Greetings again from the darkness. Somewhat surprisingly, mathematics has been the basis for some pretty interesting movies, including Good Will Hunting and A Beautiful Mind. Equally surprising are the quality movies with lead characters struggling with Asperger Syndrome or Autism – Adam and Rain Man, to name a couple. Also fascinating, albeit in a different way, are movies that have depicted child prodigies or geniuses. Examples of these are Little Man Tate, Searching for Bobby Fischer, and Akeelah and the Bee. However, it’s this film from director Morgan Matthews that is the first I can recall to combine all three elements.
Mr. Matthews’ directorial resume is filled with documentaries and he brings that no-nonsense approach to this story based on the life of David Lightwing, a young math genius with Asbergers. Asa Butterfield plays Nathan, a boy whose only love is mathematics. He lost his beloved father at an early age, and has since not connected with anyone … even his most devoted and long-suffering mother, played by Sally Hawkins.

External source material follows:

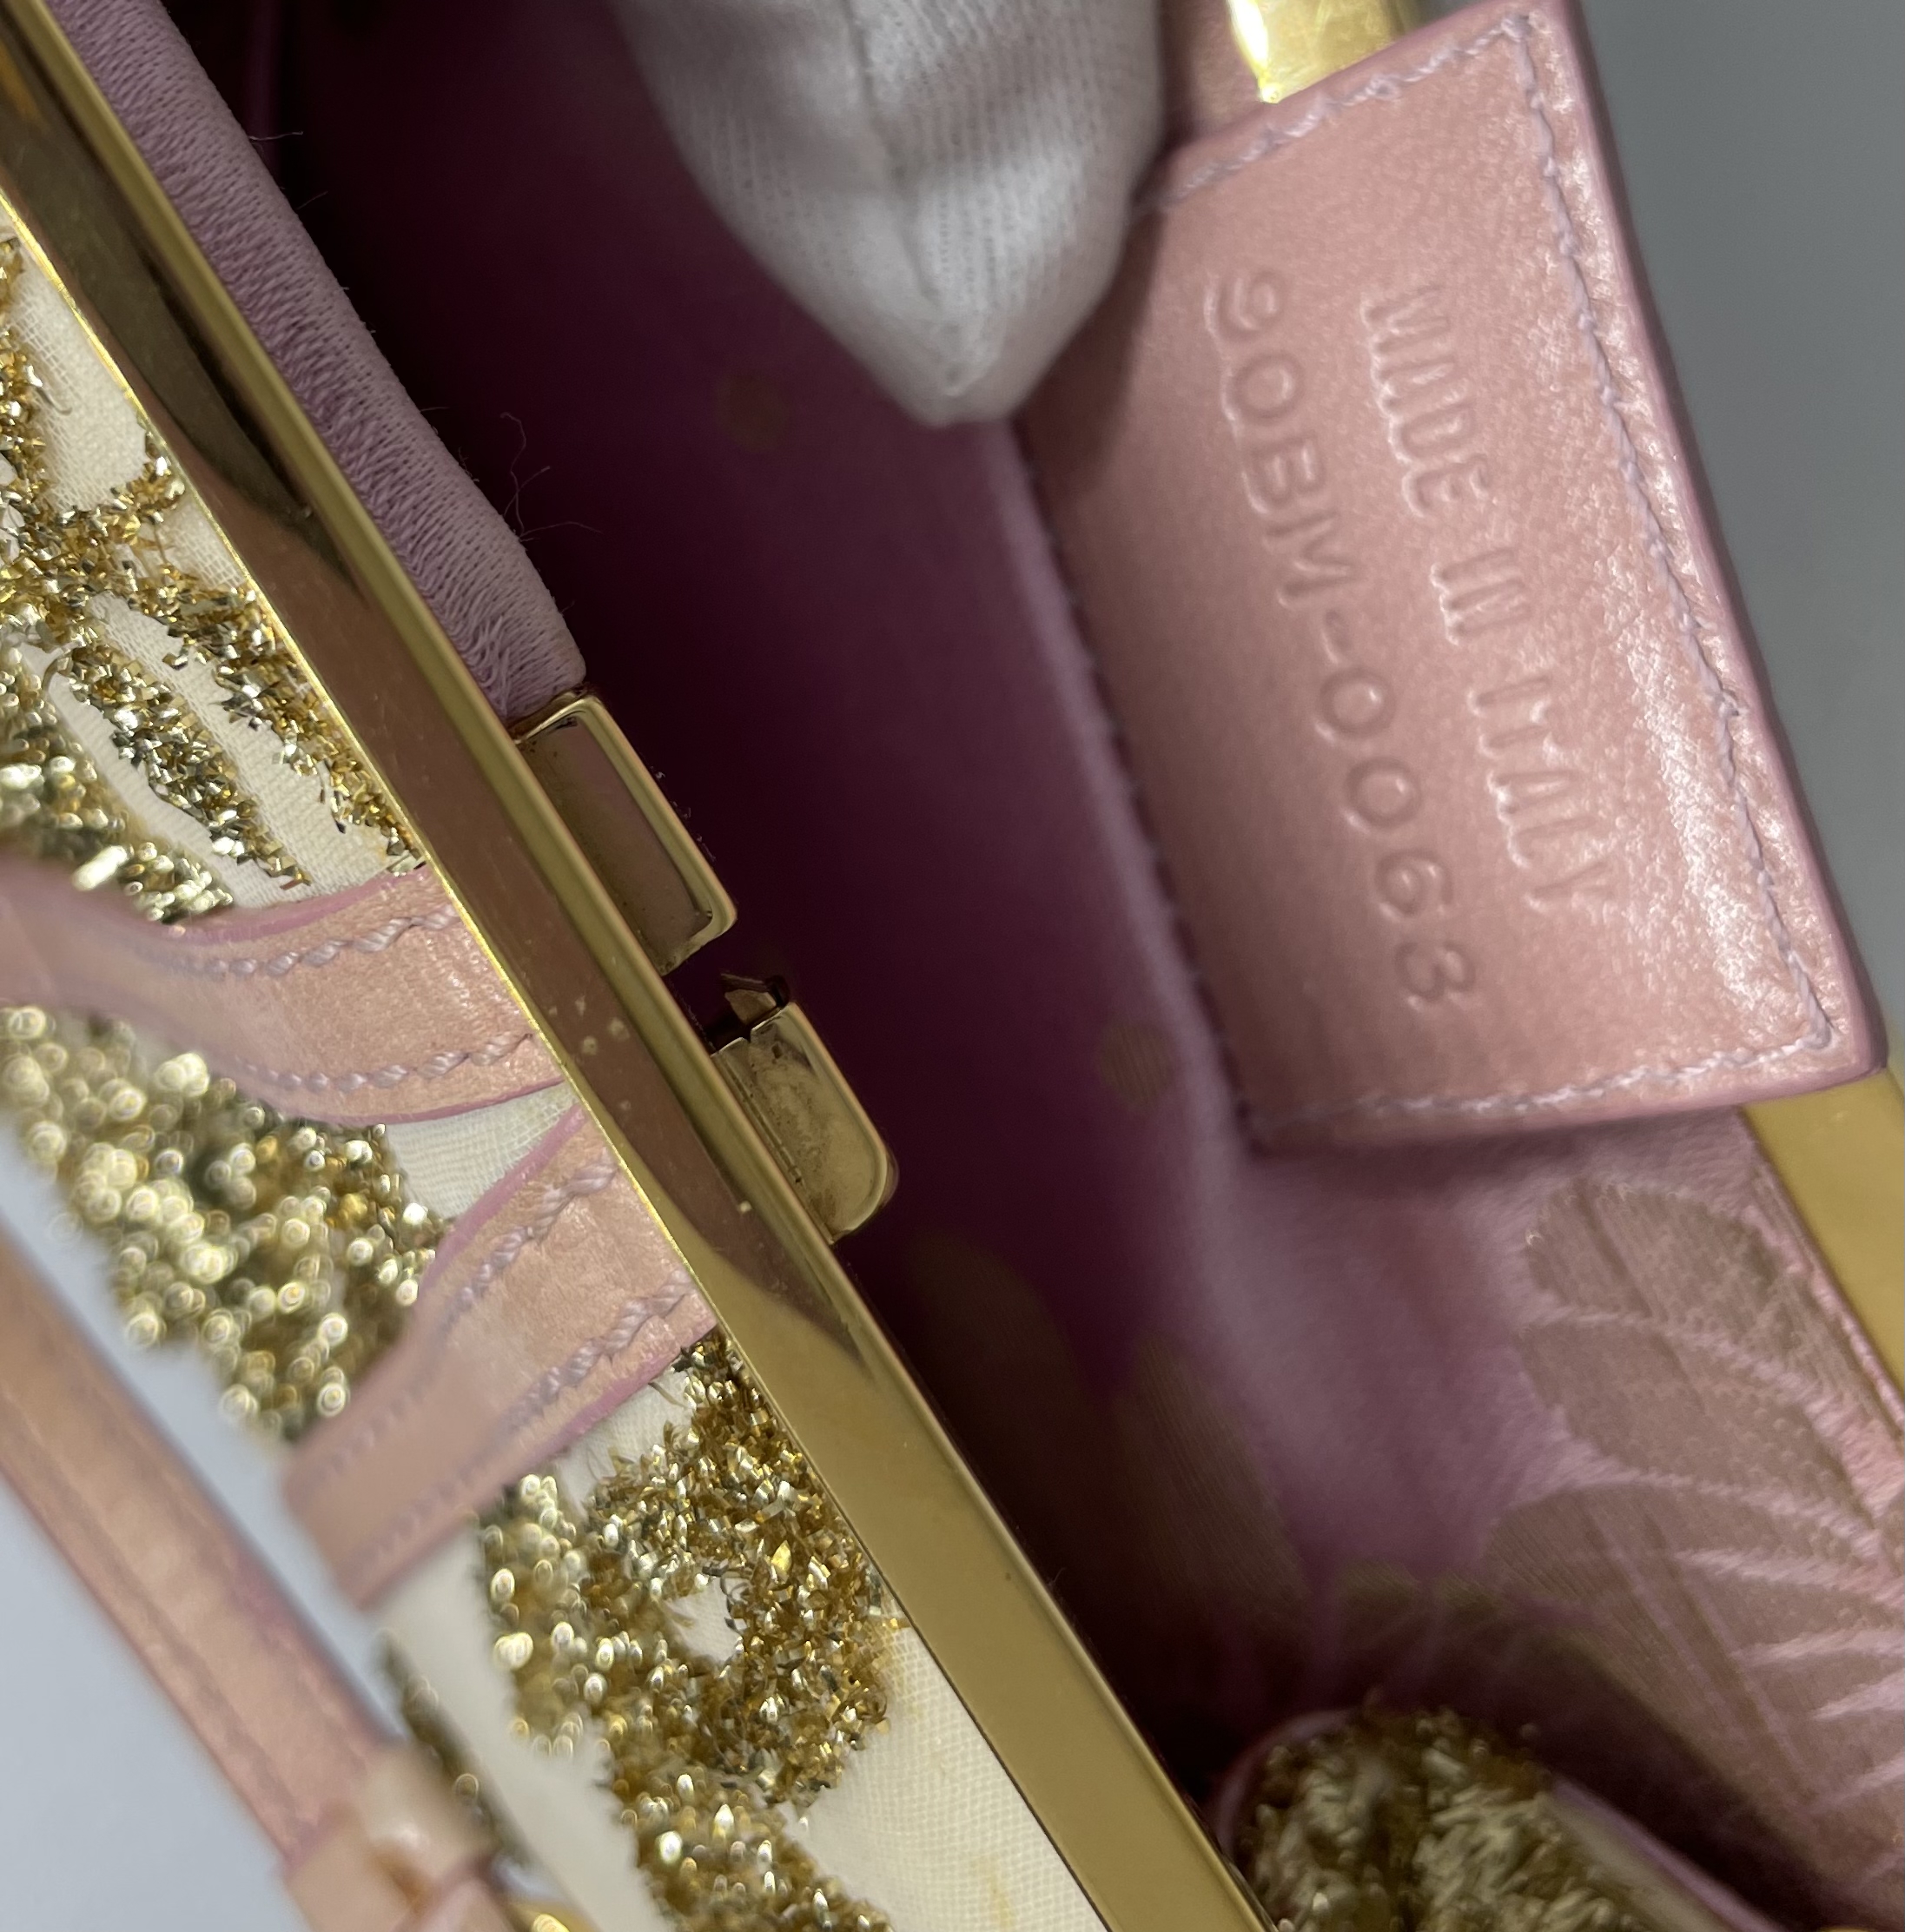 Dior Saddle MiniClutch Limited edition in gold coloured embroidery over cream satin - Image 4 of 14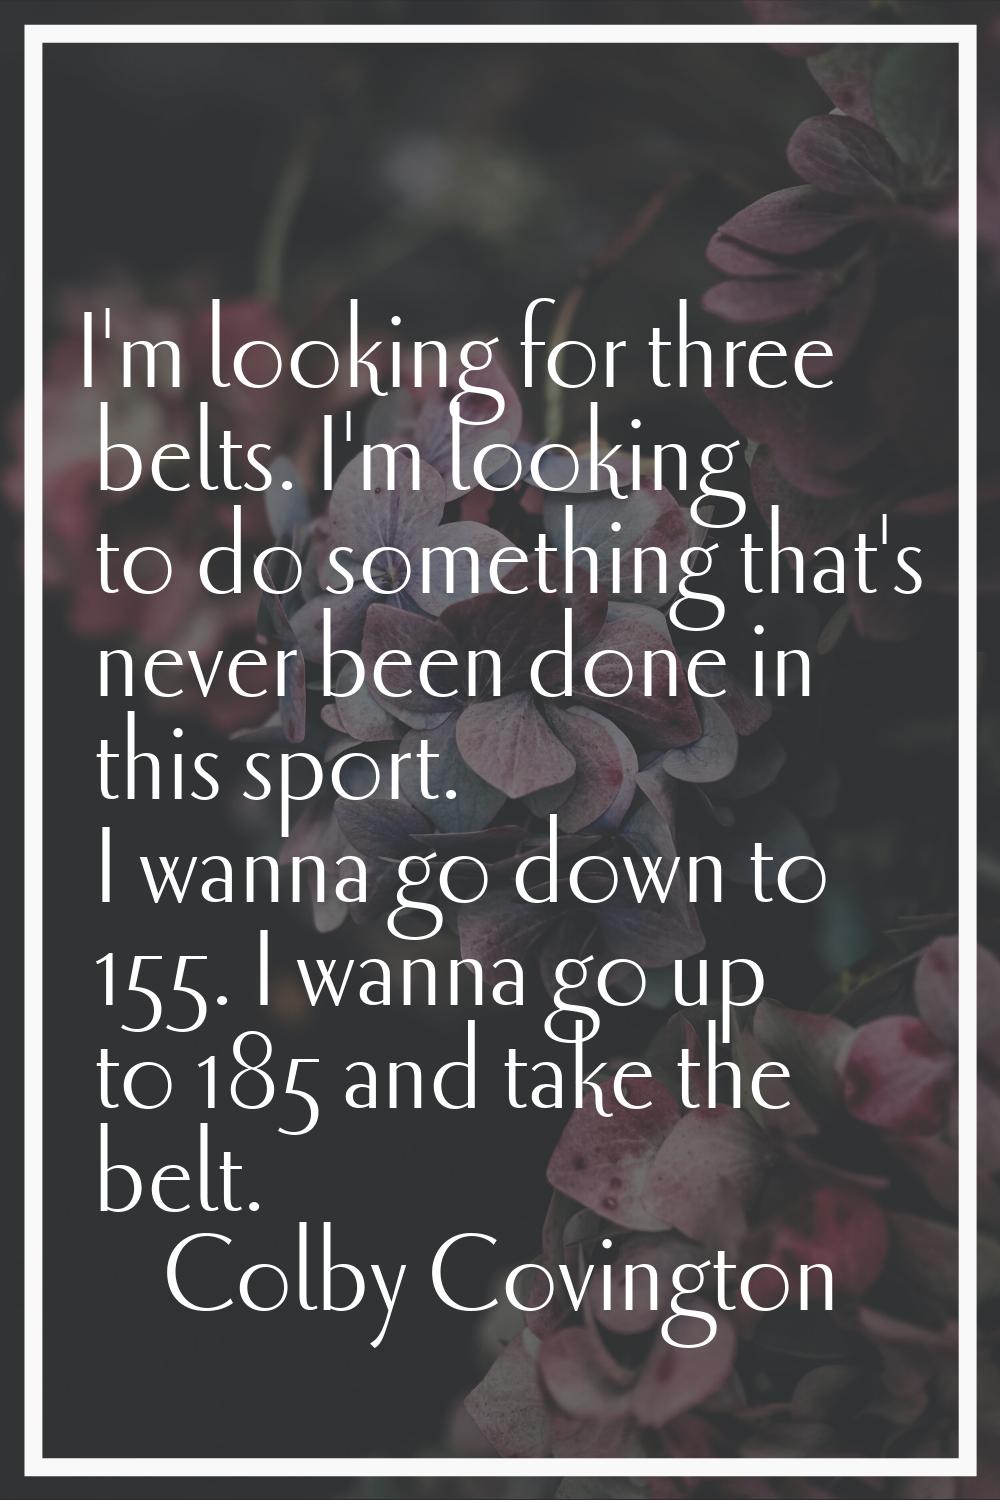 I'm looking for three belts. I'm looking to do something that's never been done in this sport. I wa

Nathan begins studying under Rafe Spall’s Martin, himself a former child math prodigy, whose struggles with Multiple Sclerosis act as a defense mechanism that prevents him from having any semblance of a well-rounded life. The two are a perfect match, and within a few years, Nathan is competing to join the prestigious International Mathematics Olympiad held at Cambridge. Martin has his own personal history with both the event and the team’s coach, played by Eddie Marsan.
The film does a really nice job of illuminating the pressures on both loved ones (parents, teachers, etc) and the prodigies themselves. It explores the question of whether being “gifted” is really a gift or a burden. This is brought to life through the performances of Butterfield (and his many pained faces), Spall (as a man searching for meaning), and Hawkins (as a mother who yearns for nothing but a flash of reciprocity from her son). Also effective is Marsan as the coach, and Jo Yang as Nathan’s Chinese study buddy.
It’s a very touching story, and easily accessible for those of us who fall a bit short of the genius level. It also takes a shot at explaining love in math terms – not something previously featured on screen. And finally, it has one of the most heart-warming and sincere movie hugs one could ask for. In simple terms, it all adds up to a fine movie.